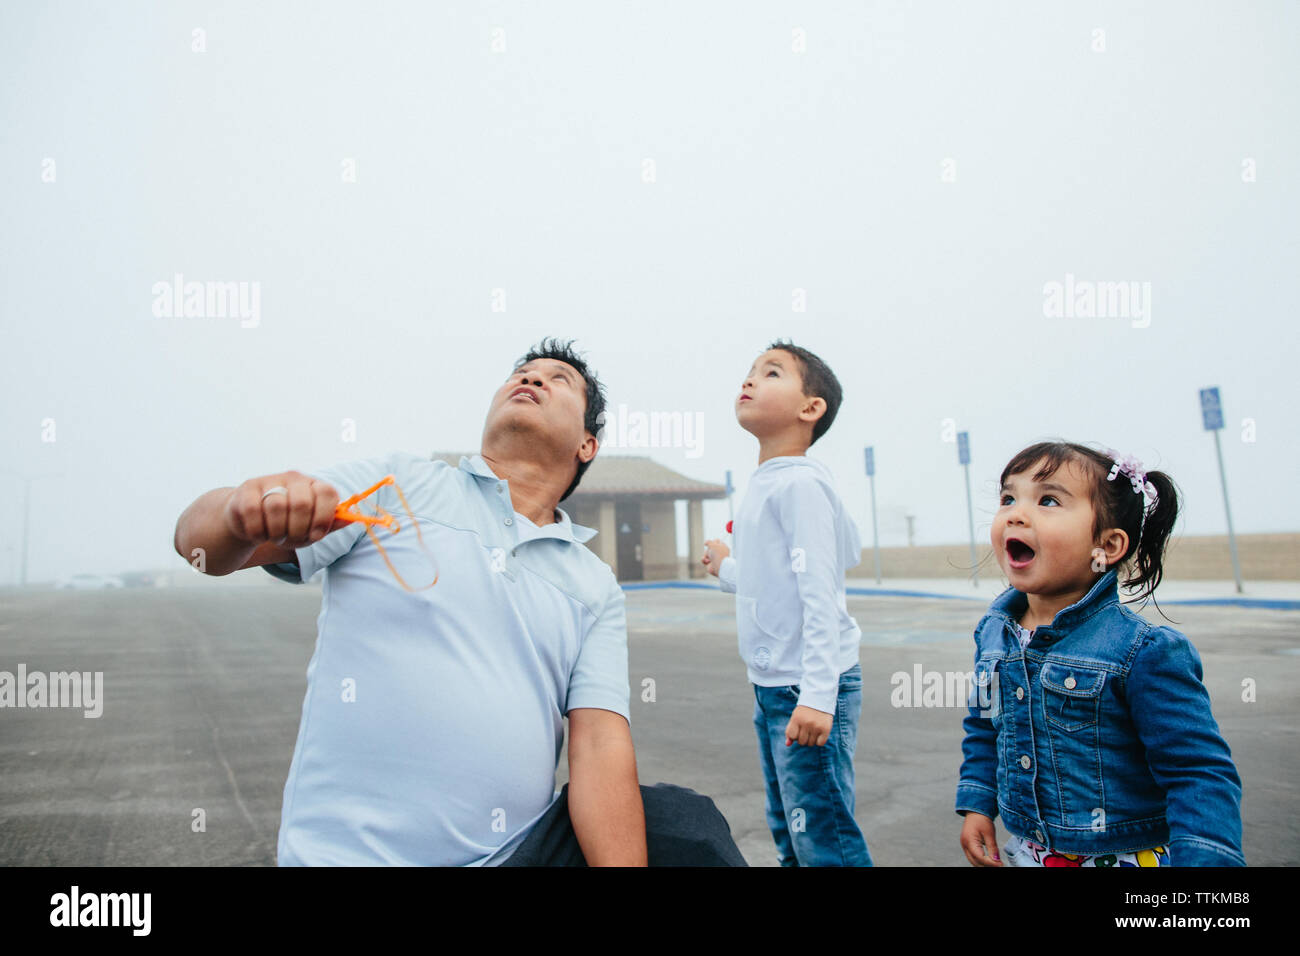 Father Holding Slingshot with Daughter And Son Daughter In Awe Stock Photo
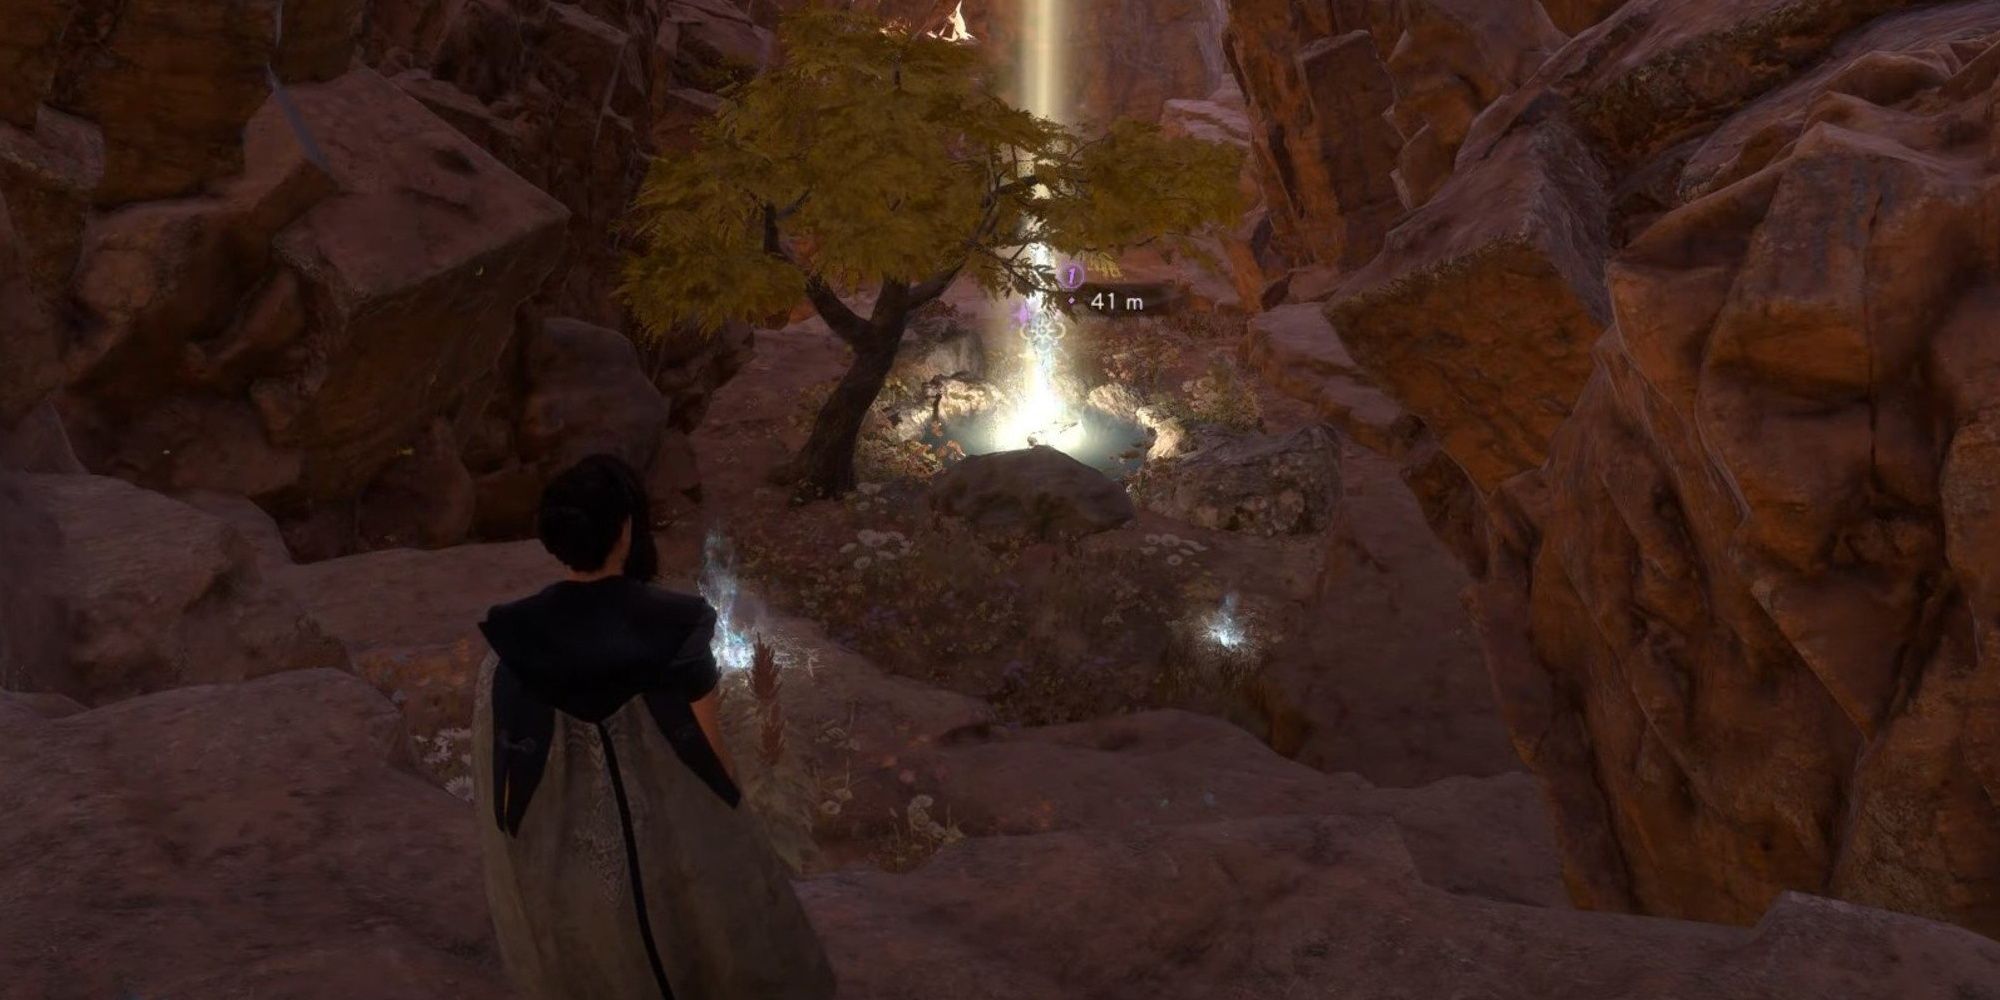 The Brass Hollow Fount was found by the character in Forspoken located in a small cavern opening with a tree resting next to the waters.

---

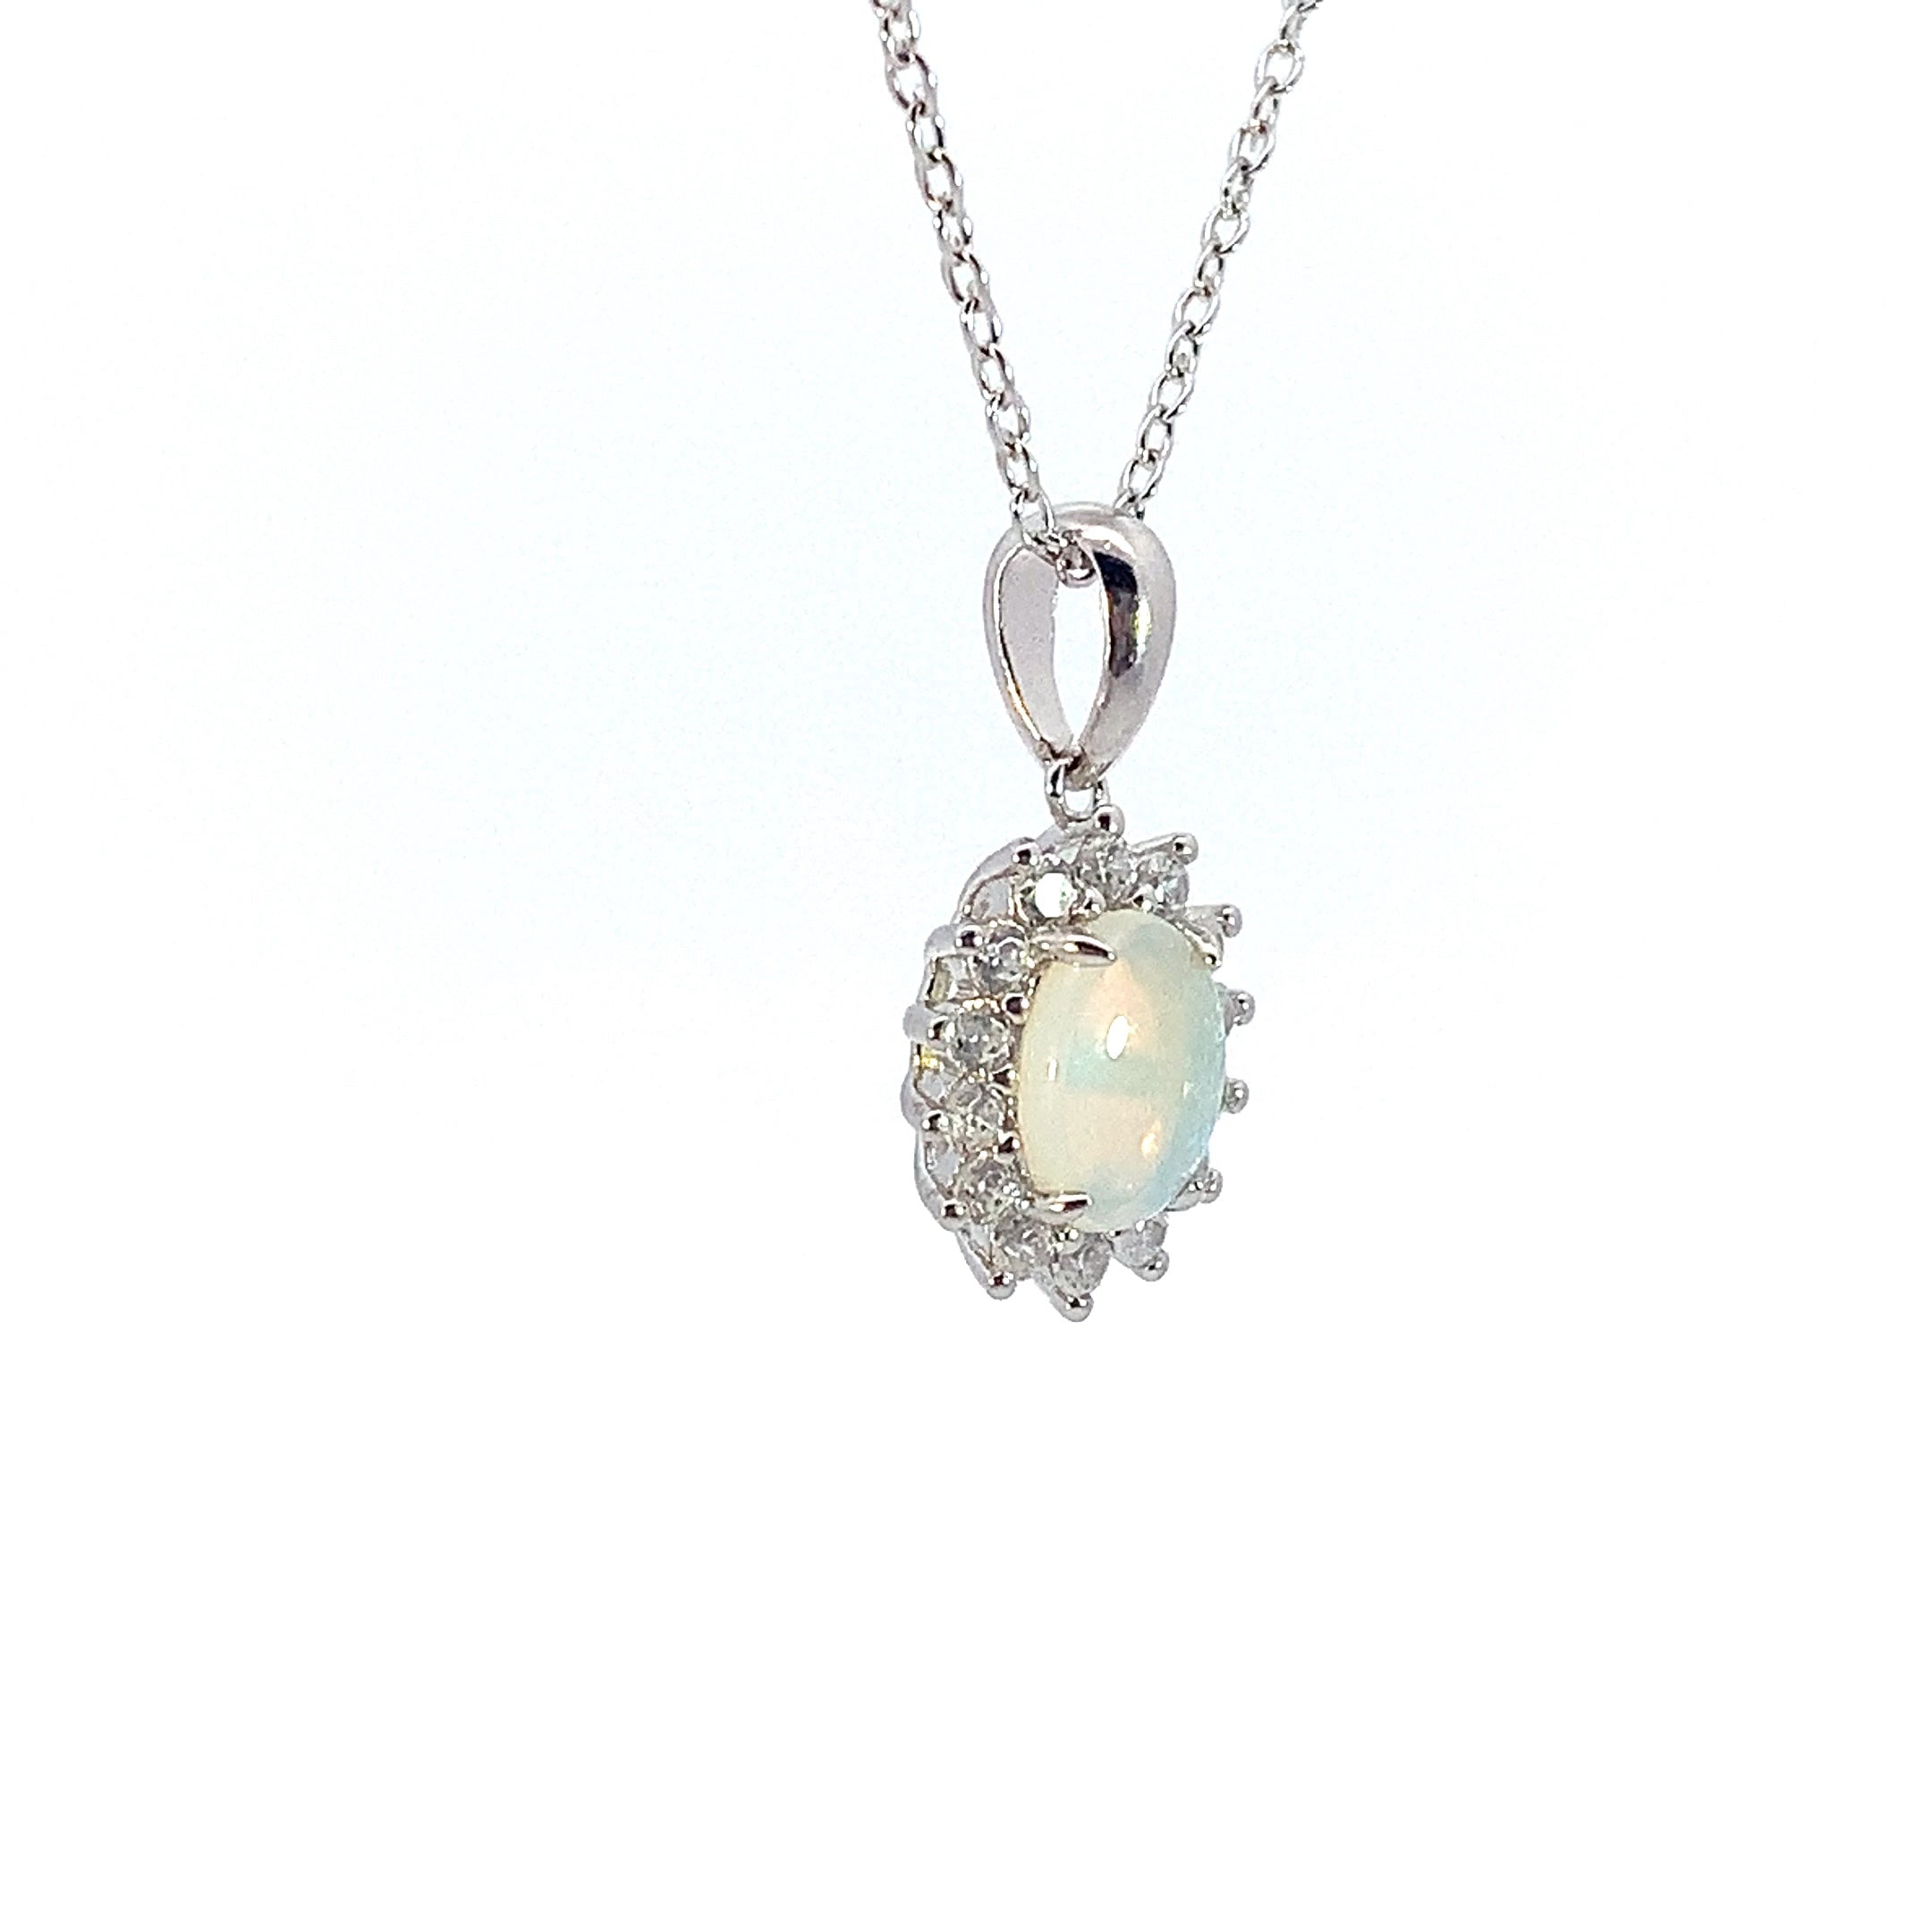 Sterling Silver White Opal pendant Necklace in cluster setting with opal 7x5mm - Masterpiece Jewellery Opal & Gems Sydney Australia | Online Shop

---

Copy word for word only the lines above from the one with "Father Holding Slingshot" through the one with "The Brass Hollow". Leave pictures out.

 Father Holding Slingshot with Daughter And Son Daughter In Awe Stock Photo
 The Brass Hollow Fount was found by the character in Forspoken located in a small cavern opening with a tree resting next to the waters.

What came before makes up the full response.